In the TD model, the animal is assumed to combine a representation of the available stimuli with a learned weighting to create an estimate of upcoming USs. These estimated US predictions (V) are generated through a linear combination of a vector (w) of modifiable weights (w(i)) at time step t and a corresponding vector (x) for the elements of the stimulus representation (x(i)):

$$ {V_t}\left( {\text{\bf x}} \right) = {\text{\bf w}}_t^T{\text{\bf x}} = \sum\nolimits_{{i = 1}}^n {{w_t}(i)x(i)} . $$
(1)

This V is an estimate of the value in the context of reinforcement learning theory (Sutton & Barto, 1998) and is equivalent to the aggregate associative strength central to many models of conditioning (Pearce & Hall, 1980; Rescorla & Wagner, 1972). We will primarily use the term US prediction to refer to this core variable in the model. In the learning algorithm, each element of the stimulus representation (or sensory input) has an associated weight that can be modified on the basis of the accuracy of the US prediction. In the simplest case, every stimulus has a single element that is on (active) when that stimulus is present and off (inactive) otherwise. The modifiable weight would then be directly equivalent to the US prediction supported by that stimulus. Below, we will discuss in detail some more sophisticated stimulus representations.

The US prediction based on available stimuli is then translated into the conditioned response (CR) through a simple response generation mechanism. This explicit rendering of model output into expected behavioral responding allows for more directly testable predictions. There are many possible response rules (e.g., Church & Kirkpatrick, 2001; Frey & Sears, 1978; Moore et al., 1986), but, for our purposes, a simple formalism will suffice. We assume that there is a reflexive mapping from US prediction to CR in the form of a thresholded leaky integrator. The US prediction (V) above the threshold (θ) is integrated in real time with a small decay constant (0 < ν < 1) to generate a response (a):

$$ {a_t} = \upsilon {a_{{t - 1}}} + \left\lfloor {{V_t}{{({{\text{\bf x}}_t})}_{\theta }}} \right\rfloor . $$
(2)

The truncated square brackets indicate that only the suprathreshold portion of the US prediction is integrated into the response, which is interpreted as the CR level (see Kehoe, Ludvig, Dudeney, Neufeld, & Sutton, 2008; Ludvig et al., 2009). This response measure can be readily mapped in a monotonic fashion onto either continuous measures (e.g., lick rate, suppression ratios, food cup approach time) or response likelihood measures based on discrete responses. Thus, comparisons can be conducted across experiments on the basis of ordinal relationships, rather than differing preparation-specific levels (cf. Rescorla & Wagner, 1972).
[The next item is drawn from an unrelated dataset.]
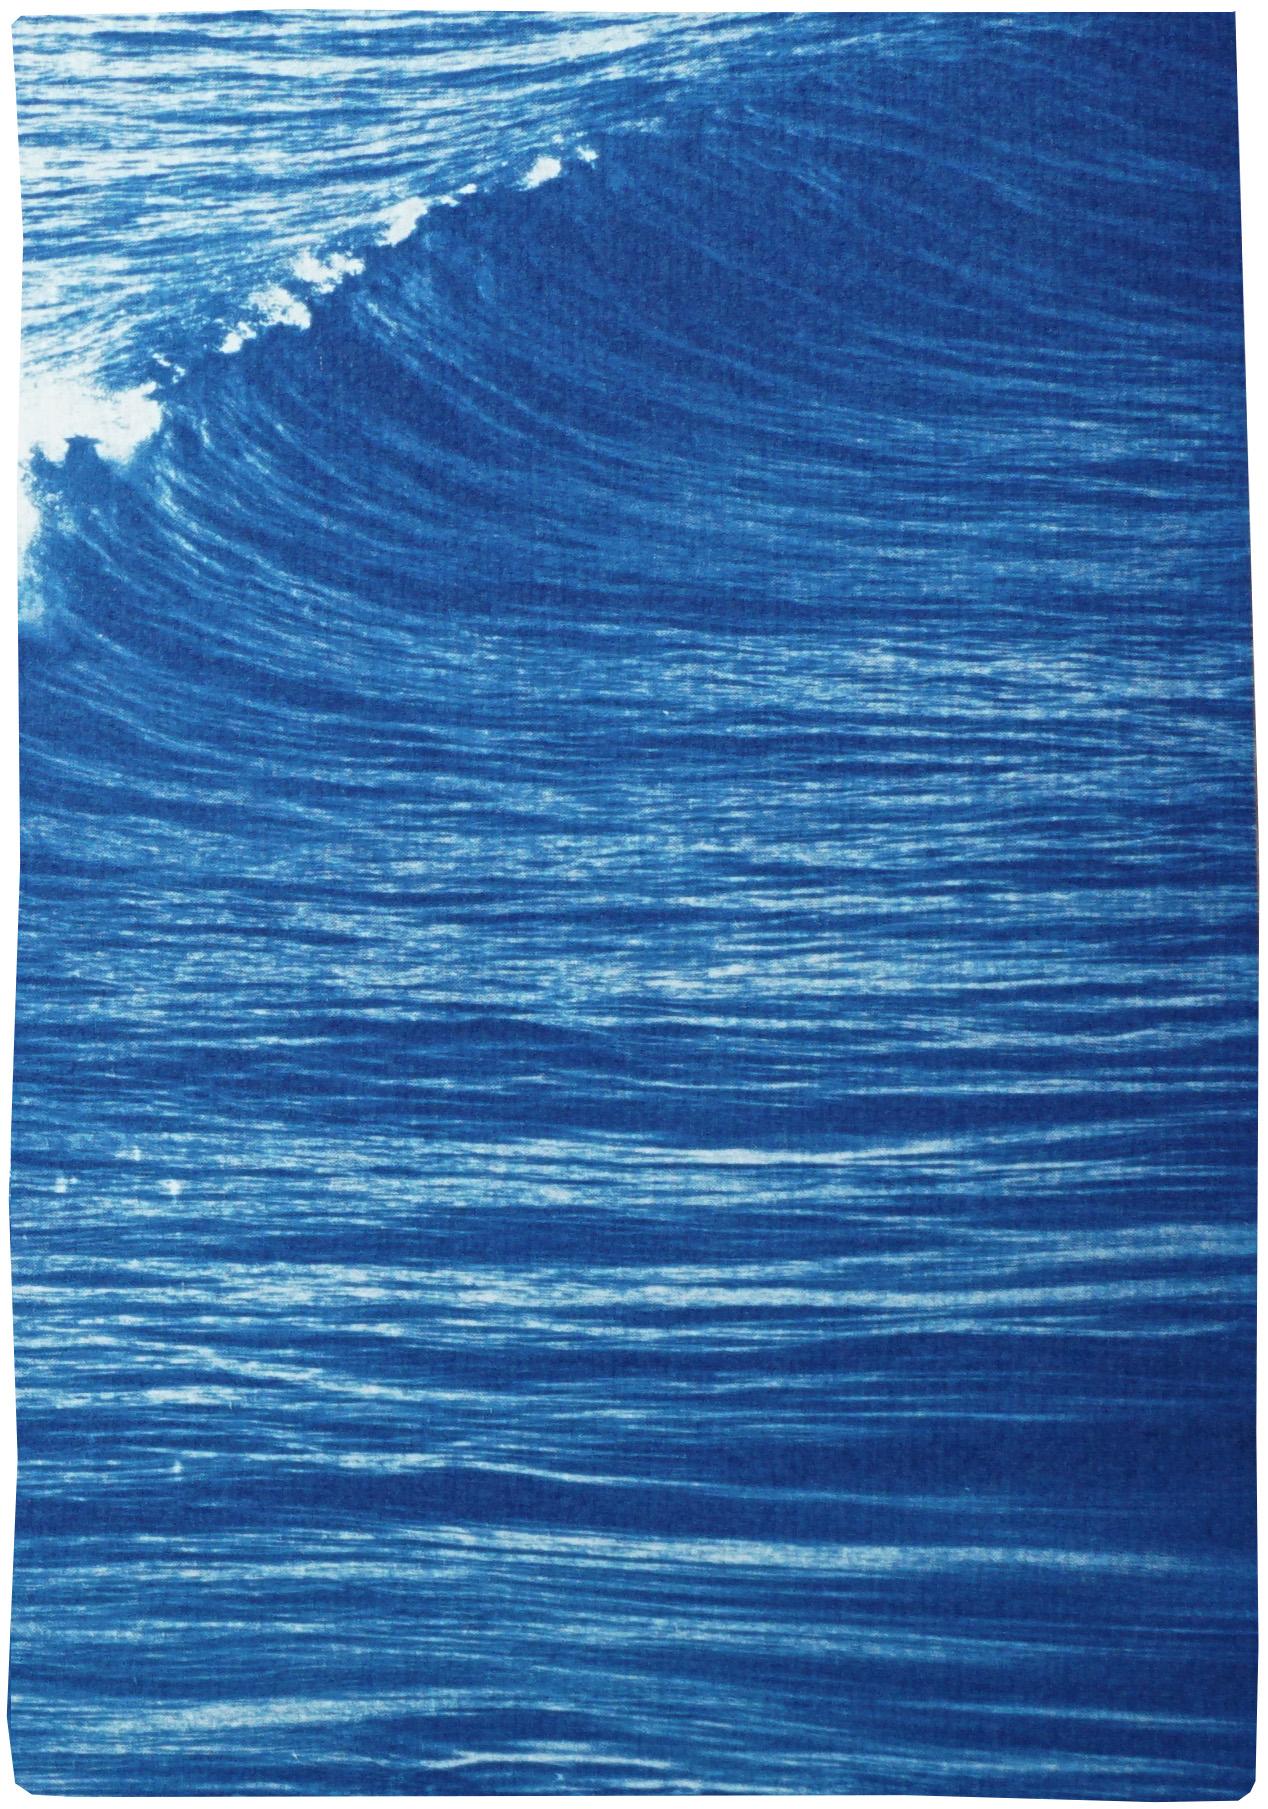 Colossal Seascape Triptych of Crashing Wave in Los Angeles, Exclusive Cyanotype 1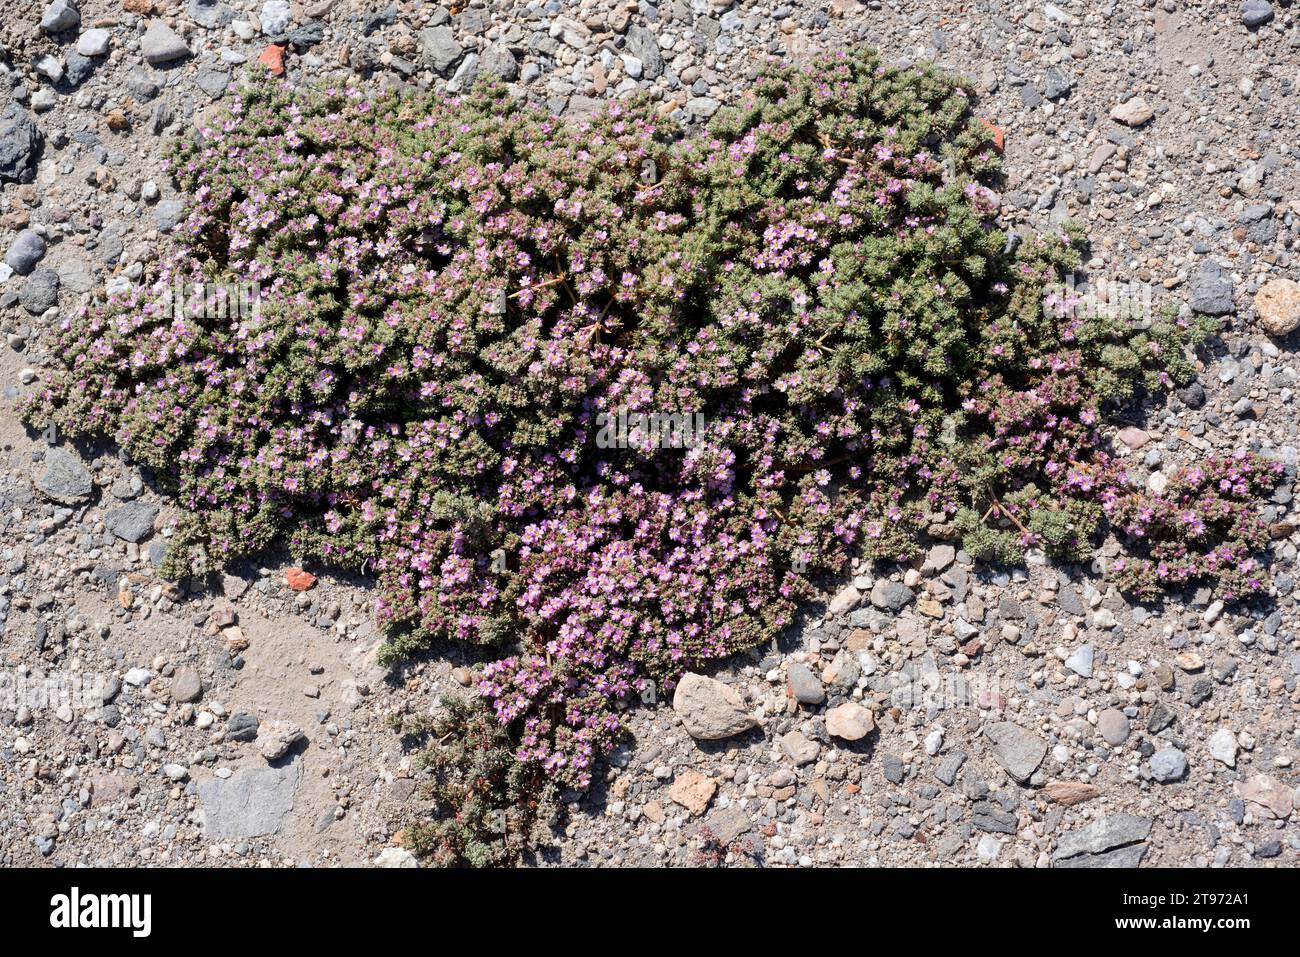 Sea heath (Frankenia laevis) is a prostrate shrub native to Europe coasts and saline soils of the interior and north Africa. This photo was taken in C Stock Photo

All learning in the model takes place through changes in these modifiable weights. These updates are accomplished through the TD learning algorithm (Sutton, 1988; Sutton & Barto, 1990, 1998). First, the TD or reward-prediction error (δ t ) is calculated on every time step on the basis of the difference between the sum of the US intensity (r t ) and the new US prediction from the current time step (V t (x t )), appropriately discounted, and the US prediction from the last time step (V t (x t-1 )):

$$ {\delta_t} = {r_t} + \gamma {V_t}\left( {{{\text \bf x}_t}} \right) - {V_t}\left( {{{\text{x}}_{{t - 1}}}} \right), $$
(3a)

where \( \gamma \) is the discount factor (between 0 and 1). A positive prediction error is generated whenever the world (US plus new predictions) exceeds expectations (the old US prediction), and a negative prediction error is generated whenever the world falls short of expectations. Alternatively, rearranging terms, the TD error can be expressed as the difference between the US intensity and the change in US prediction:

$$ {\delta_t} = {r_t} - \left[ {{V_t}\left( {{{\text{\bf x}}_{{t - 1}}}} \right) - \gamma {V_t}\left( {{{\text{\bf x}}_t}} \right) } \right]. $$
(3b)

This formulation emphasizes the similarity with the RW rule, where a simple difference between the US intensity and a prediction of that intensity drives learning. In this formulation, a positive prediction error occurs when the US intensity exceeds a temporal difference in US prediction, and a negative prediction error occurs whenever the US intensity falls below the temporal difference in US prediction. Note that if γ is 0, the prediction error is identical to the RW prediction error, making real-time RW a special case of TD learning.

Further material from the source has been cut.